This Memorial Day, meet Priest Lake, the town that doesn’t actually exist, and Coolin and Nordman - the towns that do

As an almost life-long resident of Bonner County, I am baffled sometimes that so many of my fellow citizens know so little about their county as a whole. The Sandpoint area and the east side hardly know the west side, and vice versa. Yet every part of “Beautiful Bonner” has much to offer visitors, and the resort area of Priest Lake is no exception.

Priest Lake at its southern end is about 20 miles north of the city of Priest River, via State Highway 57. Dearly beloved of the locals and eastern Washingtonians, particularly Spokane city dwellers, not many residents of Bonner County as a whole seem to have ever been there. That’s their loss. Priest Lake has the county’s finest sand beaches, water so clear and clean it’s as pristine as any to be found anywhere in the country, magnificent scenery, plentiful wildlife, and beautiful full-amenity resorts.

Many residents of Bonner County don’t even seem to realize there is no town named Priest Lake, even though mail can be addressed there using the Priest River zip code (83856). Two small hamlets, do exist, however, with business establishments and post offices: Coolin on the southeast end of the big lake (83821), and Nordman (83848) on the west side. There’s an upper Priest Lake, too, but no one lives there. It’s protected wilderness accessed only on foot or by boat.

Memorial Day weekend would be a great opportunity for anyone looking for a good time to make the acquaintance of the body of water known as “Idaho’s Crown Jewel.” That’s when the Priest Lake Chamber of Commerce introduces the summer tourist season with its annual “Spring Fling” celebration.

The popular event eases into the weekend with a bake sale fund-raiser for the Priest Lake EMTs on Friday, May 28, and kicks into high gear in Coolin on Saturday with a pancake feed, arts and crafts fair, bake sale and quilt show, food and music, and a groomer display.

Noon heralds the Coolin Days Parade, which this year commemorates “Historic Coolin: Gateway to Priest Lake.” The parade will pay homage to the 100th anniversary of the founding of Coolin, and will feature the 1914 Beardmore auto stage that ran from Priest River to the lake, beginning in 1914. (Horse stages were in service earlier.) Beardmore’s ancient White vehicle has been restored by the great-grandsons of timber entrepreneur and Priest River businessman, Charles Beardmore, who owned it.

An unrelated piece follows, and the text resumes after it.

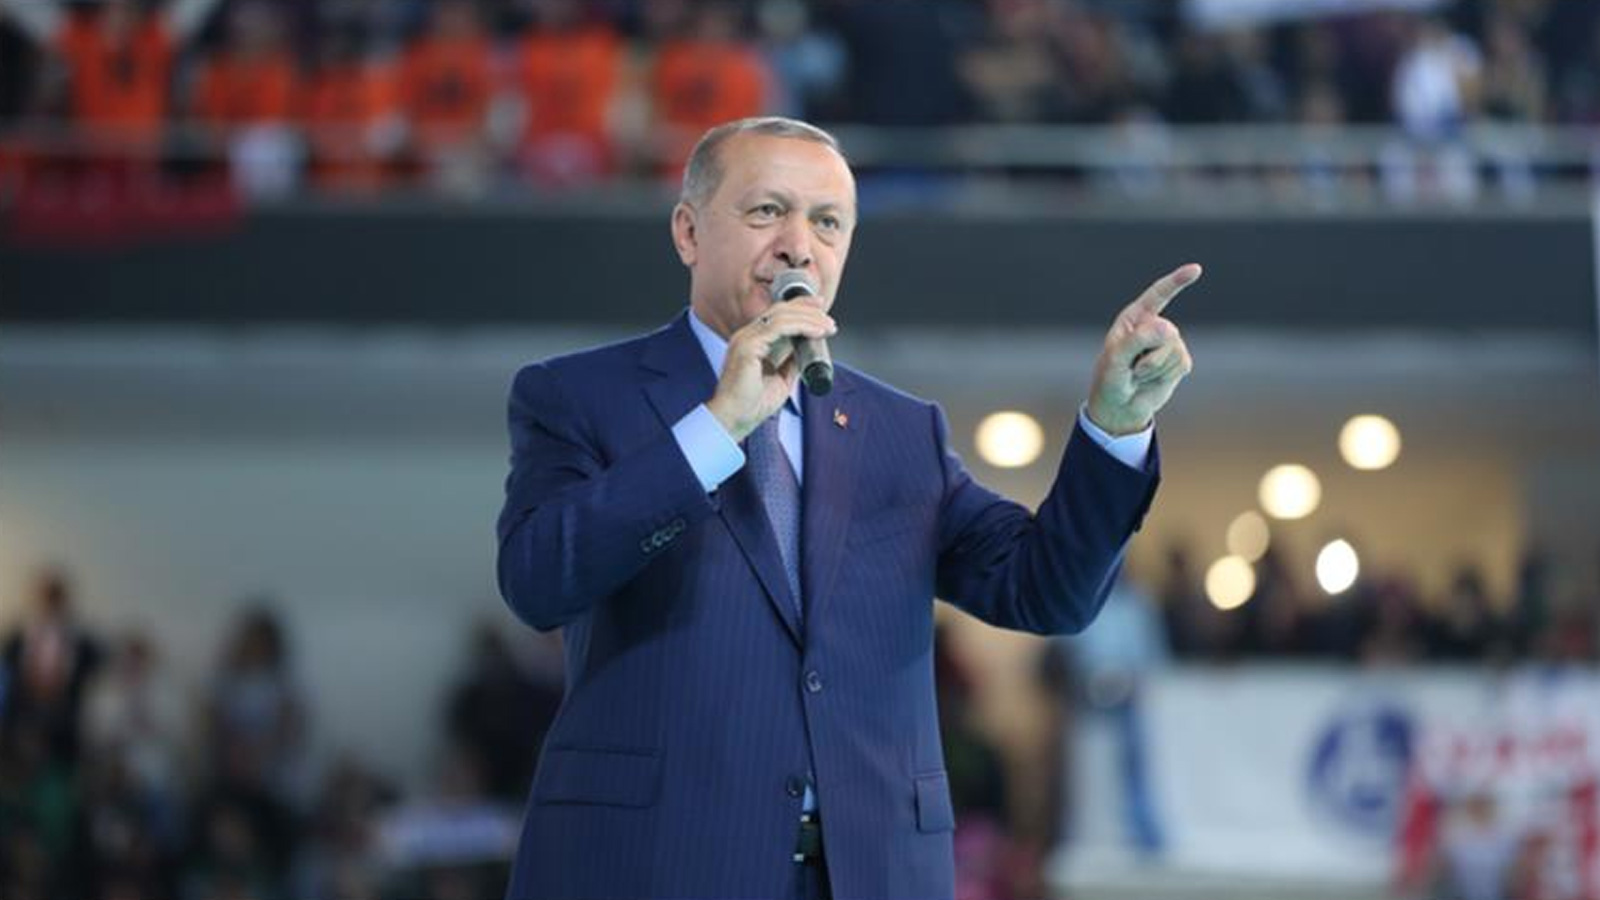 النجاحات التي حققها أردوغان في الاقتصاد هي نجاحات ضمن منظومة الاقتصاد العالمي نفسه.. وسيظل اقتصادا ناجحا بالأرقام ما دامت المنظومة نفسها مستمرة

The museum Idaho historian Keith Peterson has called “the best little museum in Idaho run entirely by volunteers” also opens on Saturday at Luby Bay on the west side of the lake. However, the museum’s 20th anniversary open house, hosted by the Priest lake Museum Association, will be held in Coolin Saturday afternoon at the Old Northern Inn bed and breakfast.

Sunday’s events will continue the pancake feed and arts and crafts fair at Coolin, but some of the events will move to the west side. Live music and good food will be available at resorts and restaurants all day. At 3 p.m., the Priest Lake Chamber of commerce will hold a silent auction and wine and cheese social at Elkins Resort at Nordman. A buffalo dinner is scheduled to follow at 5 p.m., and then a really big affair, the 17th Live Charity Auction, will take the stage. Reservations, however, are required. The auction raises thousands of dollars each year for Priest Lake charities and endeavors.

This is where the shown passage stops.